DATA RECORDS ▸

BEGIN

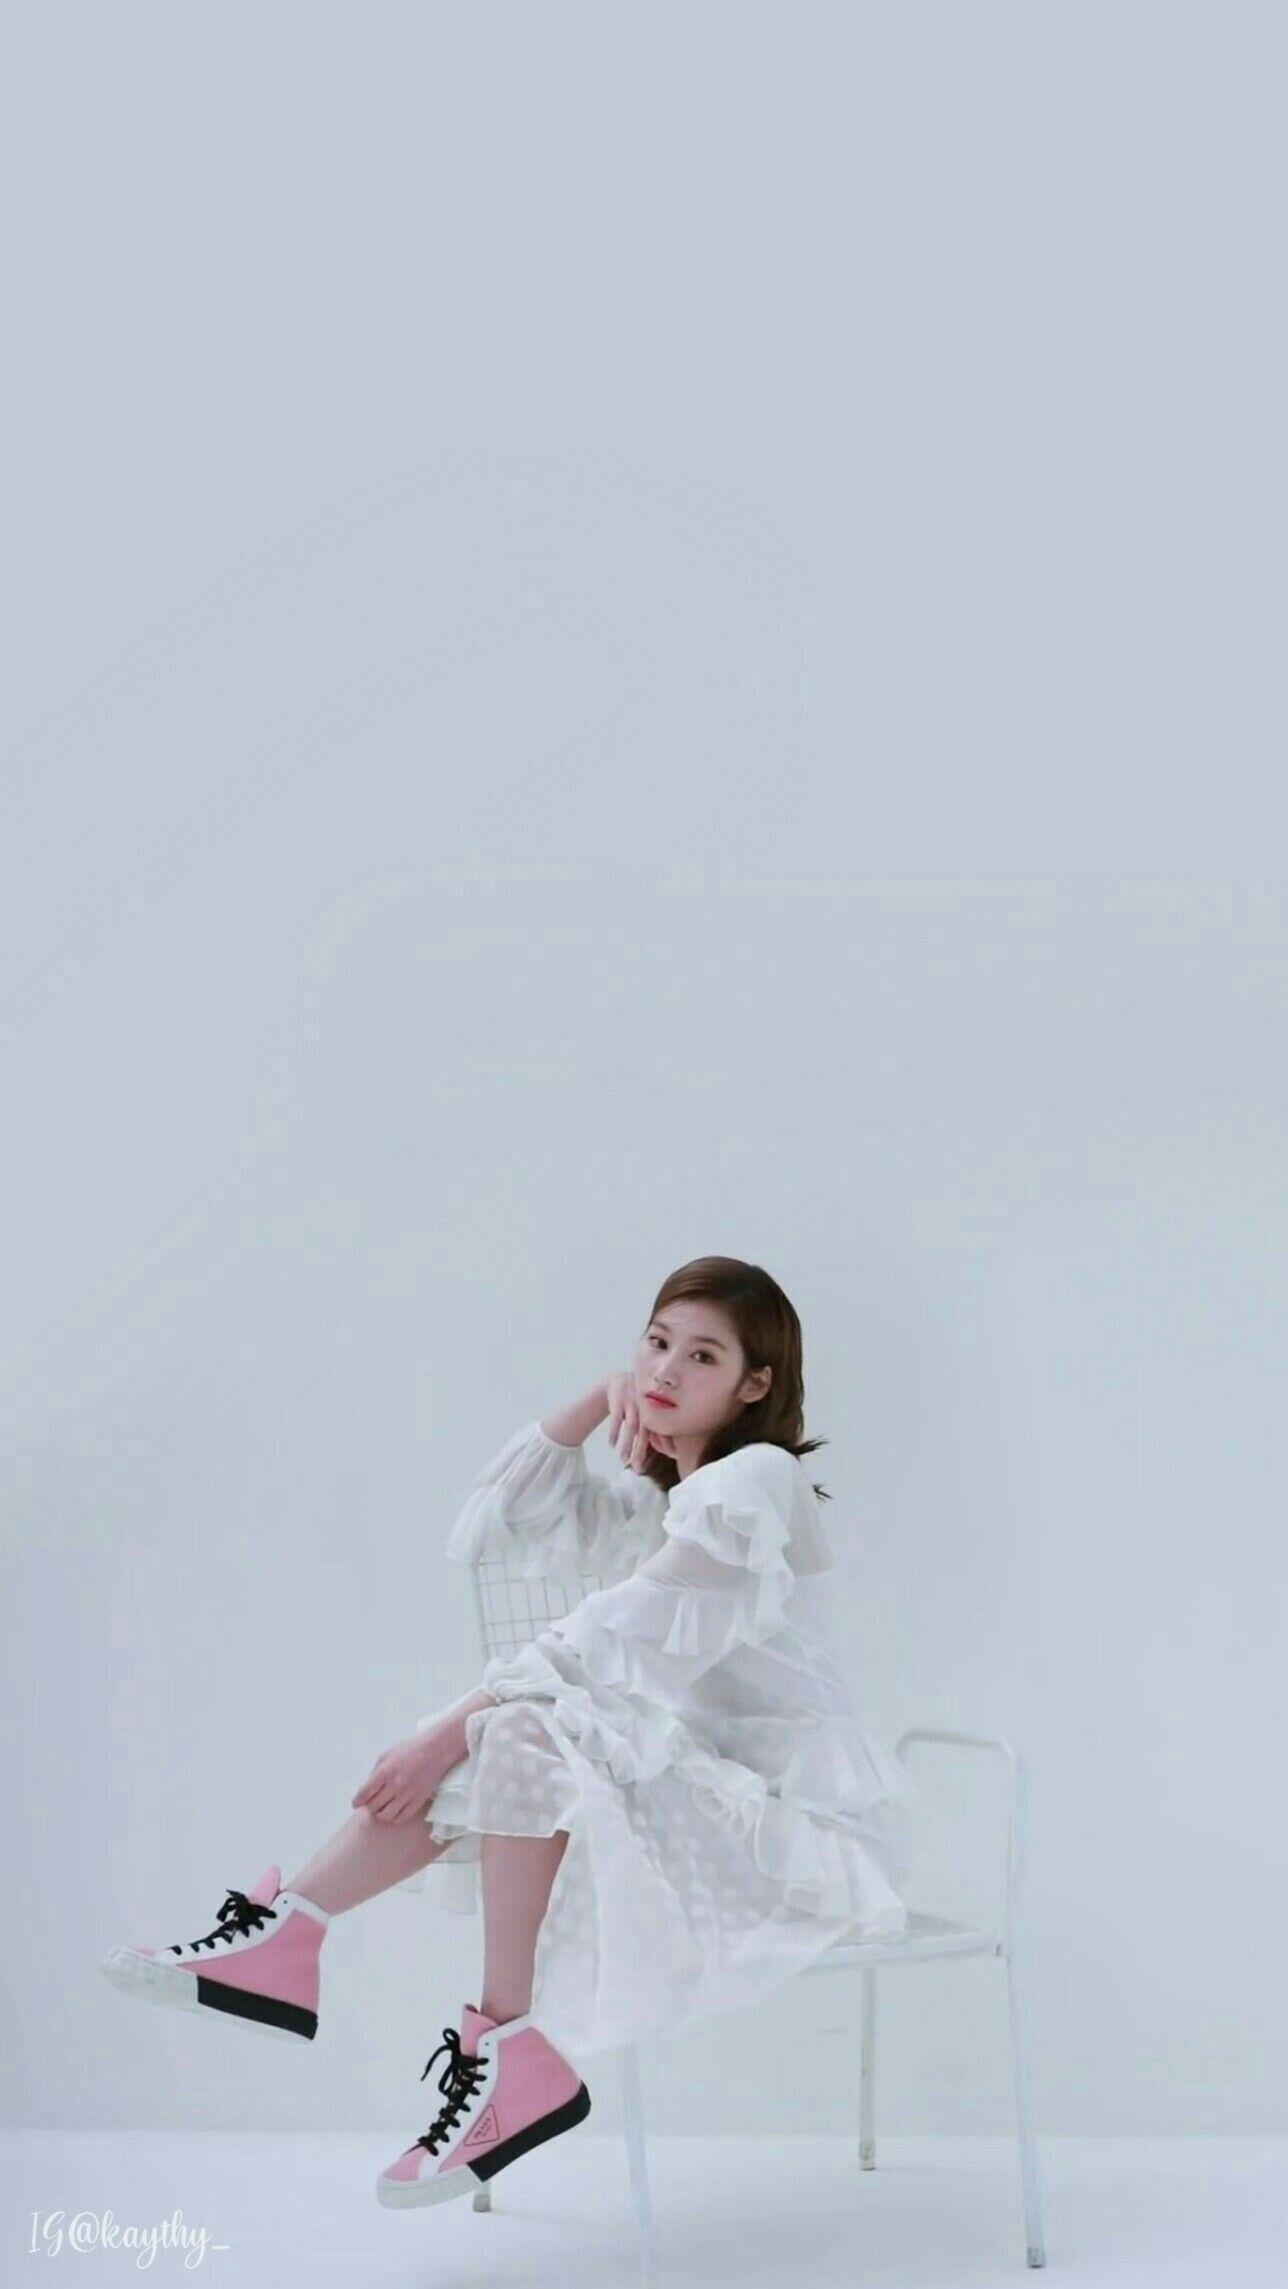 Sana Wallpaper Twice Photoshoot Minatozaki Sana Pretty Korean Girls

END
BEGIN

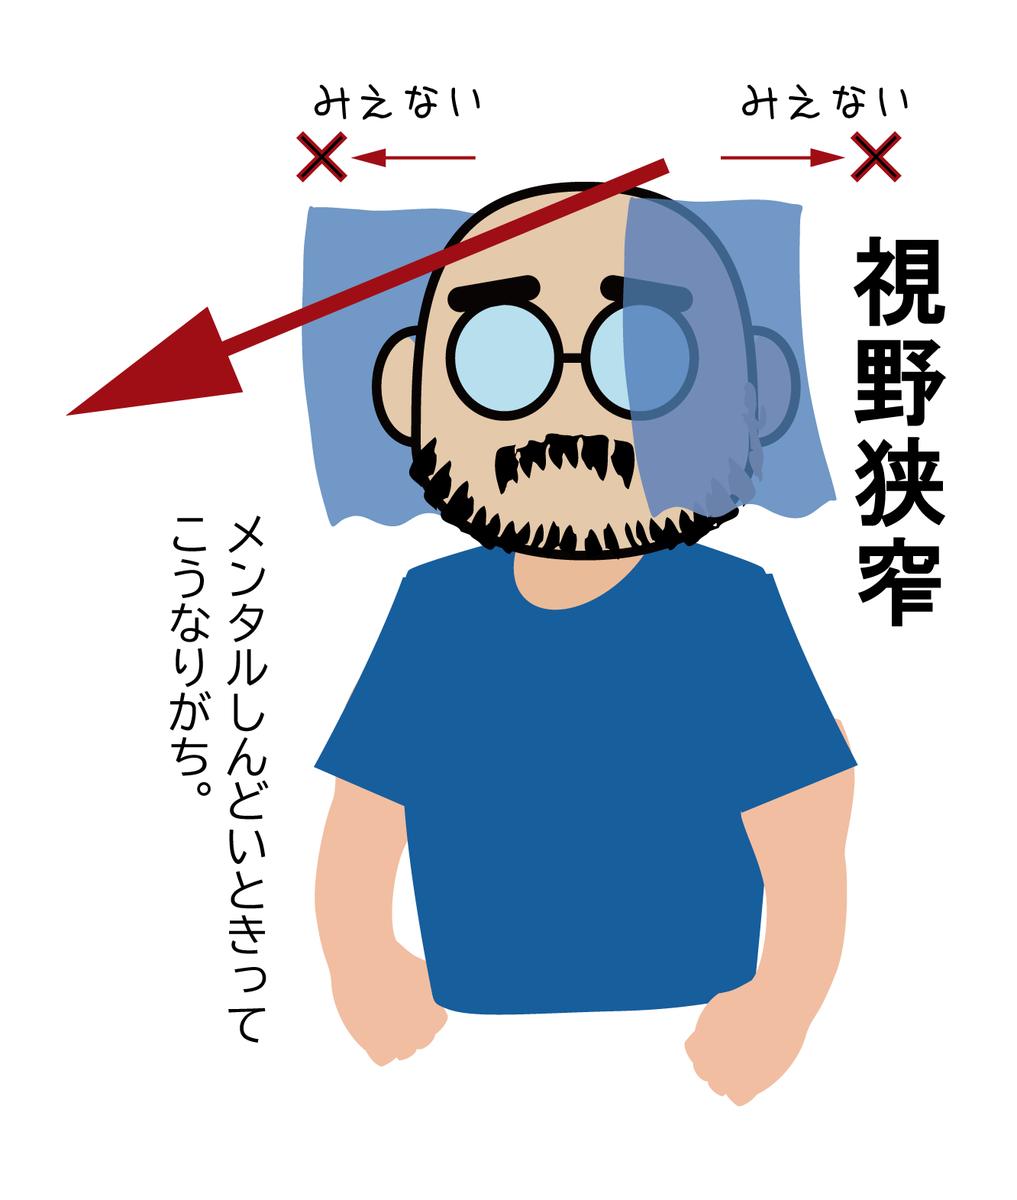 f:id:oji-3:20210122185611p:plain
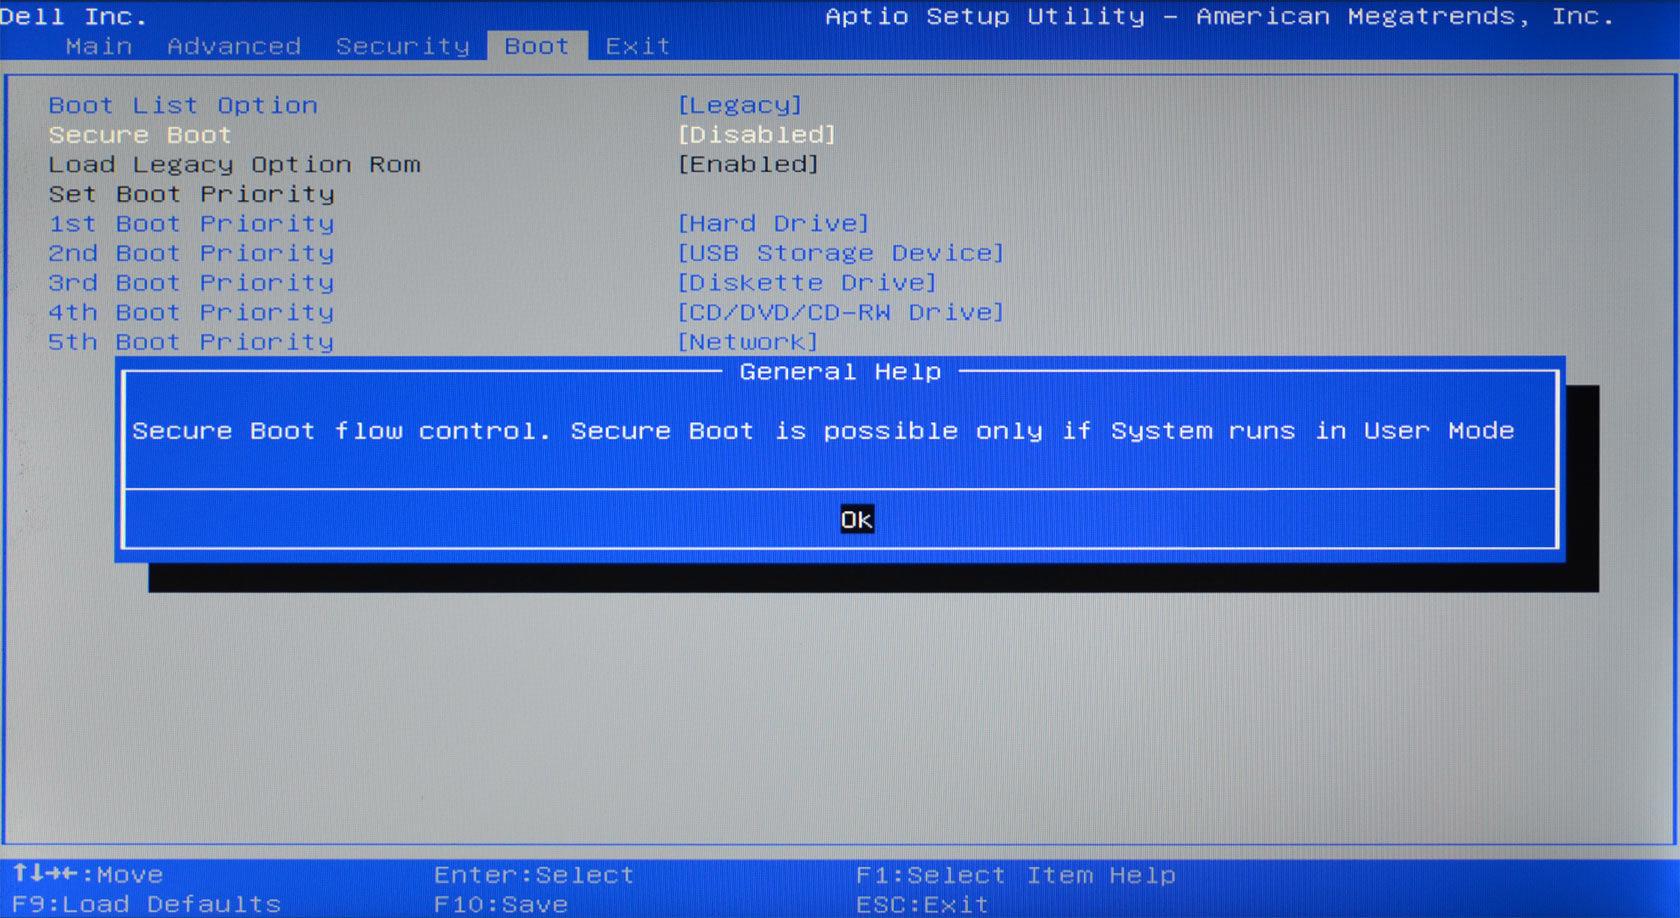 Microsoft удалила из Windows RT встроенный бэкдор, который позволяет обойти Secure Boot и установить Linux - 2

END

WHAT IS BEING ASKED ▸ Among the entries above, take the line with "f:id:oji-3:20210122185611p:plain", the line with "Microsoft удалила из", and all the lines between them, and restate them word for word without pictures.

OUTPUT FOR THIS EXERCISE ▸
 f:id:oji-3:20210122185611p:plain
 Microsoft удалила из Windows RT встроенный бэкдор, который позволяет обойти Secure Boot и установить Linux - 2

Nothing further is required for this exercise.